On Tue, Oct 16, 2018 at 03:37:15PM -0700, Andrew Morton wrote:
On Tue, 16 Oct 2018 08:46:06 +0100 Mel Gorman mgorman@suse.de wrote:
I consider this to be an unfortunate outcome. On the one hand, we have a problem that three people can trivially reproduce with known test cases and a patch shown to resolve the problem. Two of those three people work on distributions that are exposed to a large number of users. On the other, we have a problem that requires the system to be in a specific state and an unknown workload that suffers badly from the remote access penalties with a patch that has review concerns and has not been proven to resolve the trivial cases. In the case of distributions, the first patch addresses concerns with a common workload where on the other hand we have an internal workload of a single company that is affected -- which indirectly affects many users admittedly but only one entity directly.
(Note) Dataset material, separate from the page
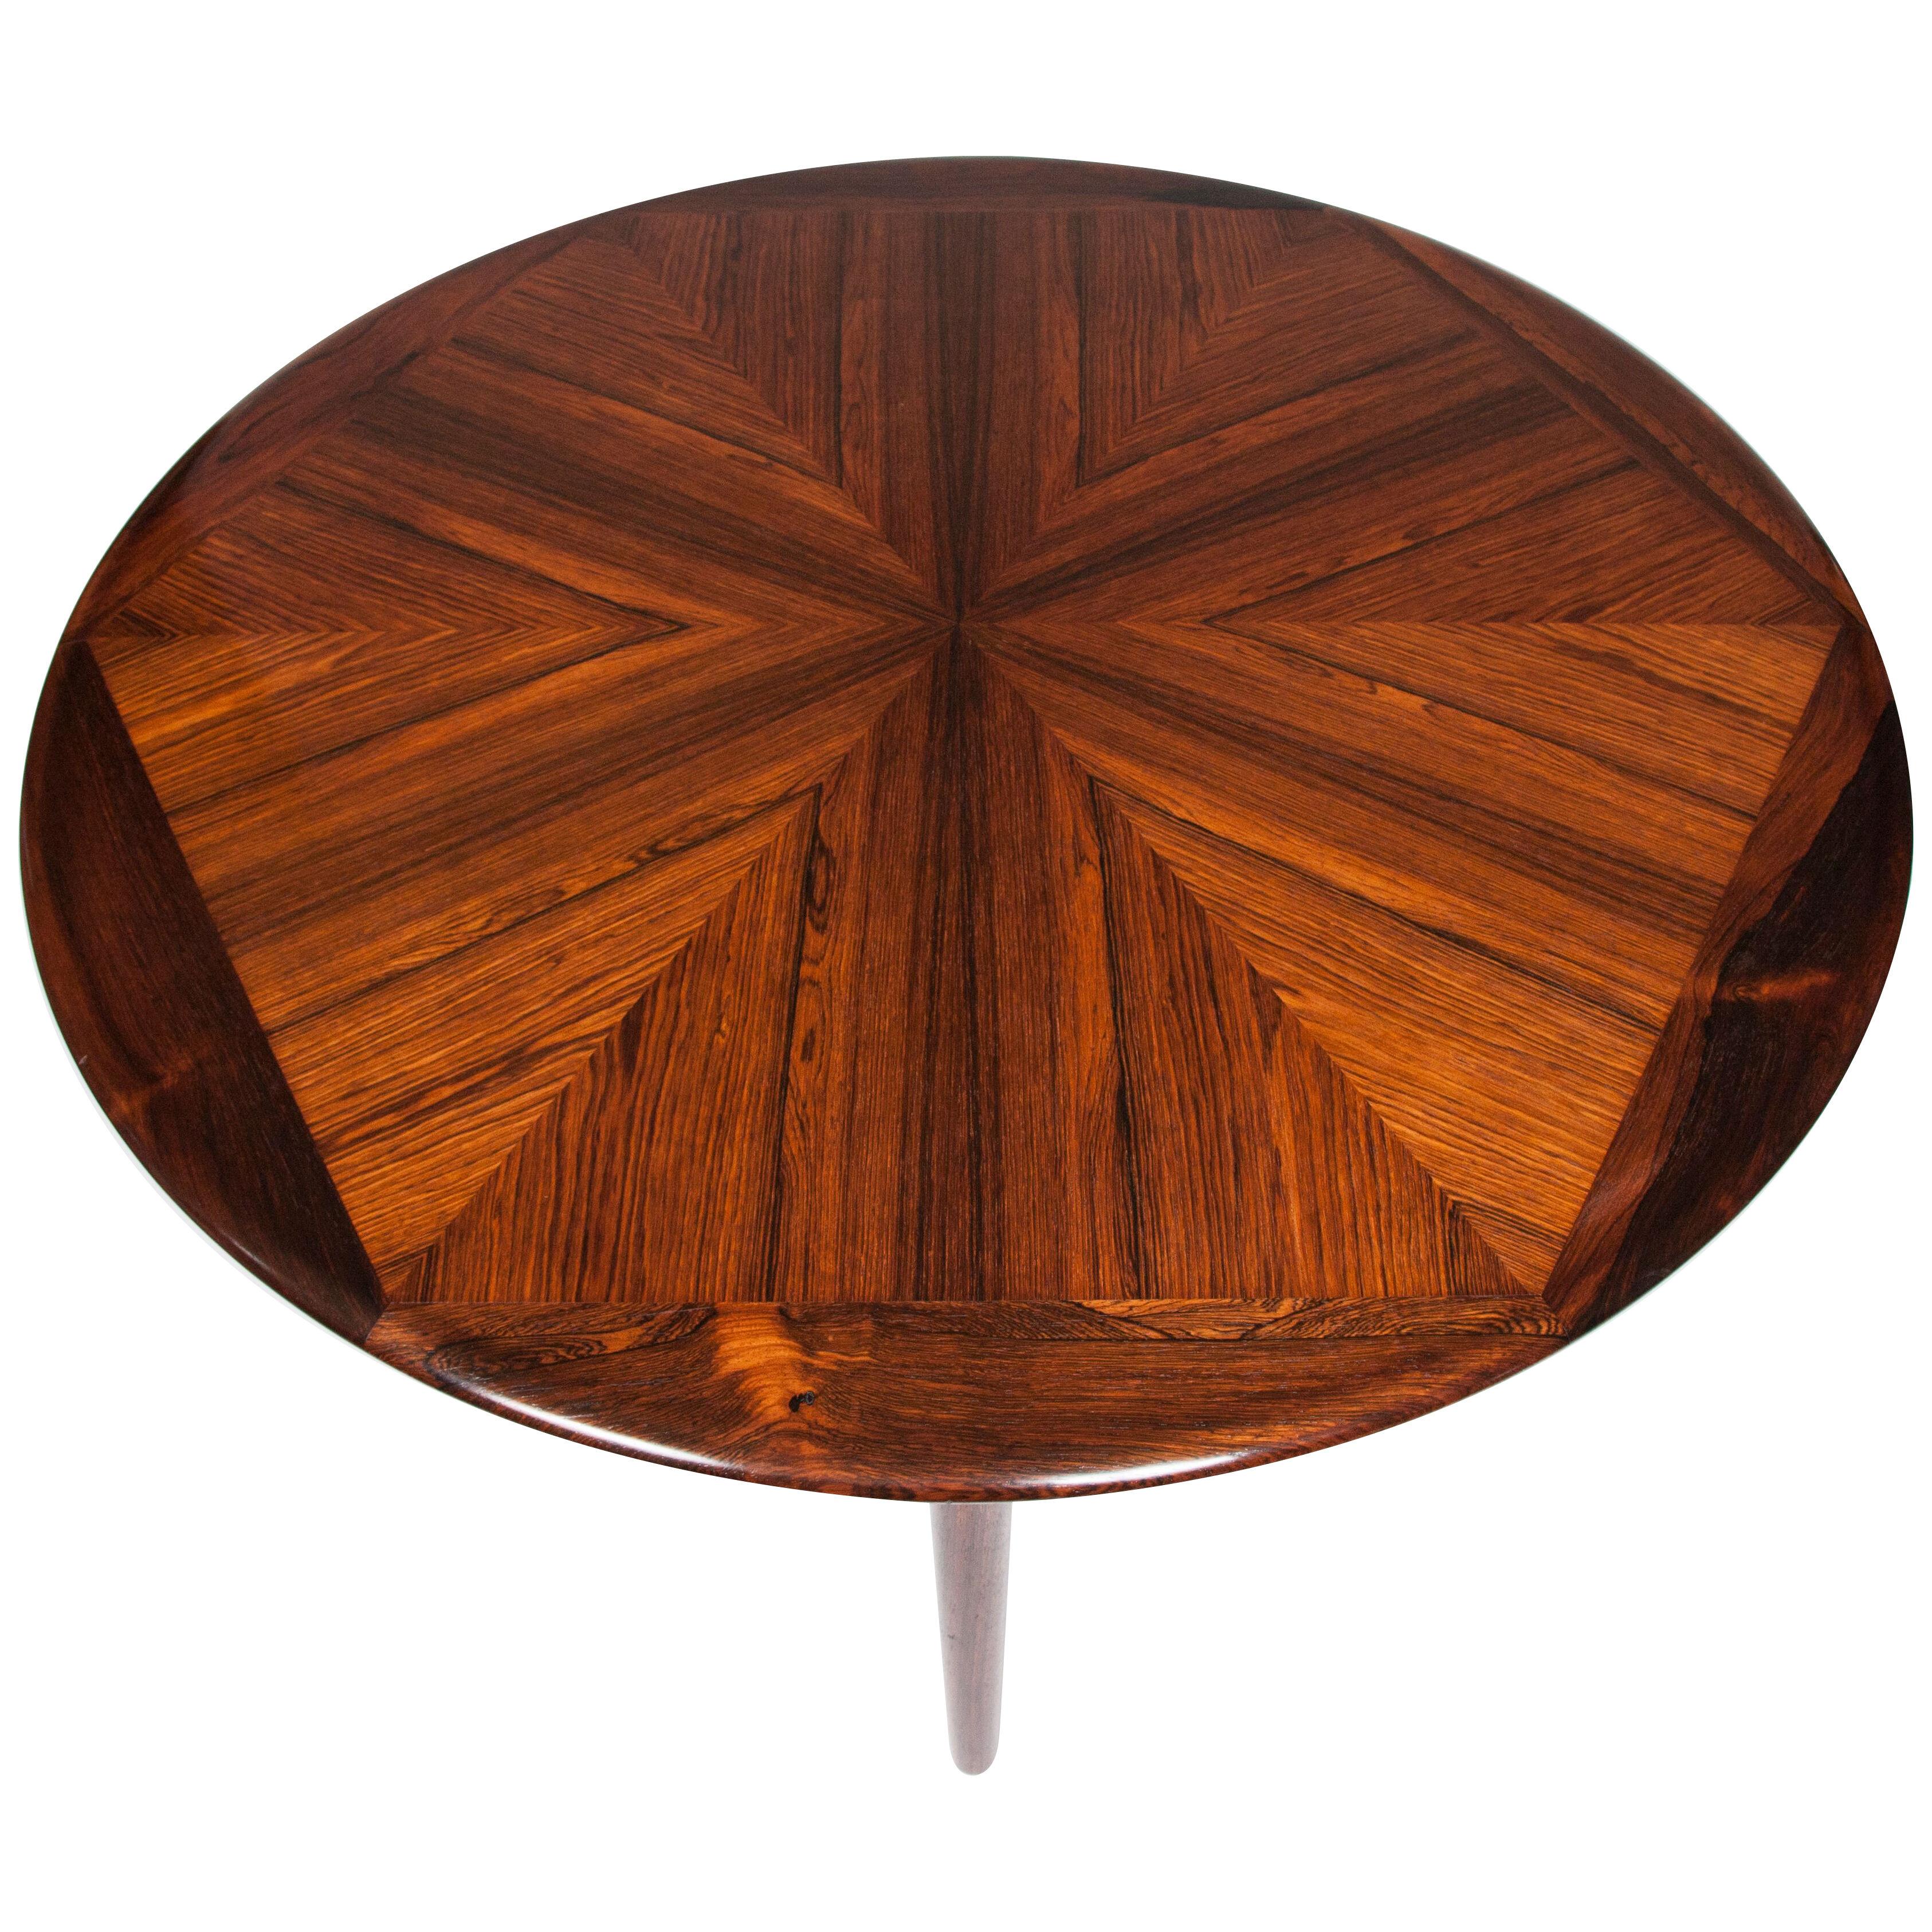 Circular rosewood low table designed by Henry Klein

At the absolute minimum, a test case for the "system fragmentation incurs access penalties for a workload" scenario that could both replicate the fragmentation and demonstrate the problem should have been available before the patch was rejected. With the test case, there would be a chance that others could analyse the problem and prototype some fixes. The test case was requested in the thread and never produced so even if someone were to prototype fixes, it would be dependant on a third party to test and produce data which is a time-consuming loop. Instead, we are more or less in limbo.
OK, thanks.
But we're OK holding off for a few weeks, yes? If we do that we'll still make it into 4.19.1. Am reluctant to merge this while discussion, testing and possibly more development are ongoing.
Without a test case that reproduces the Google case, we are a bit stuck. Previous experience indicates that just fragmenting memory is not enough to give a reliable case as unless the unmovable/reclaimable pages are "sticky", the normal reclaim can handle it. Similarly, the access pattern of the target workload is important as it would need to be something larger than L3 cache to constantly hit the access penalty. We do not know what the exact characteristics of the Google workload are but we know that a fix for three cases is not equivalent for the Google case.
The discussion has circled around wish-list items such as better fragmentation control, node-aware compaction, improved compact deferred logic and lower latencies with little in the way of actual specifics of implementation or patches. Improving fragmentation control would benefit from a workload that actually fragments so the extfrag events can be monitored as well as maybe a dump of pageblocks with mixed pages.
On node-aware compaction, that was not implemented initially simply because HighMem was common and that needs to be treated as a corner case -- we cannot safely migrate pages from zone normal to highmem. That one is relatively trivial to measure as it's a functional issue.
However, backing off compaction properly to maximise allocation success rates while minimising allocation latency and access latency needs a live workload that is representative. Trivial cases like the java workloads, nas or usemem won't do as they either exhibit special locality or are streaming readers/writers. Memcache might work but the driver in that case is critical to ensure the access penalties are incurred. Again, a modern example is missing.
As for why this took so long to discover, it is highly likely that it's due to VM's being sized such as they typically fit in a NUMA node so it would have avoided the worst case scenarios. Furthermore, a machine dedicated to VM's has fewer concerns with respect to slab allocations and unmovable allocations fragmenting memory long-term. Finally, the worst case scenarios are encountered when there is a mix of different workloads of variable duration which may be common in a Google-like setup with different jobs being dispatched across a large network but less so in other setups where a service tends to be persistent. We already know that some of the worst performance problems take years to discover.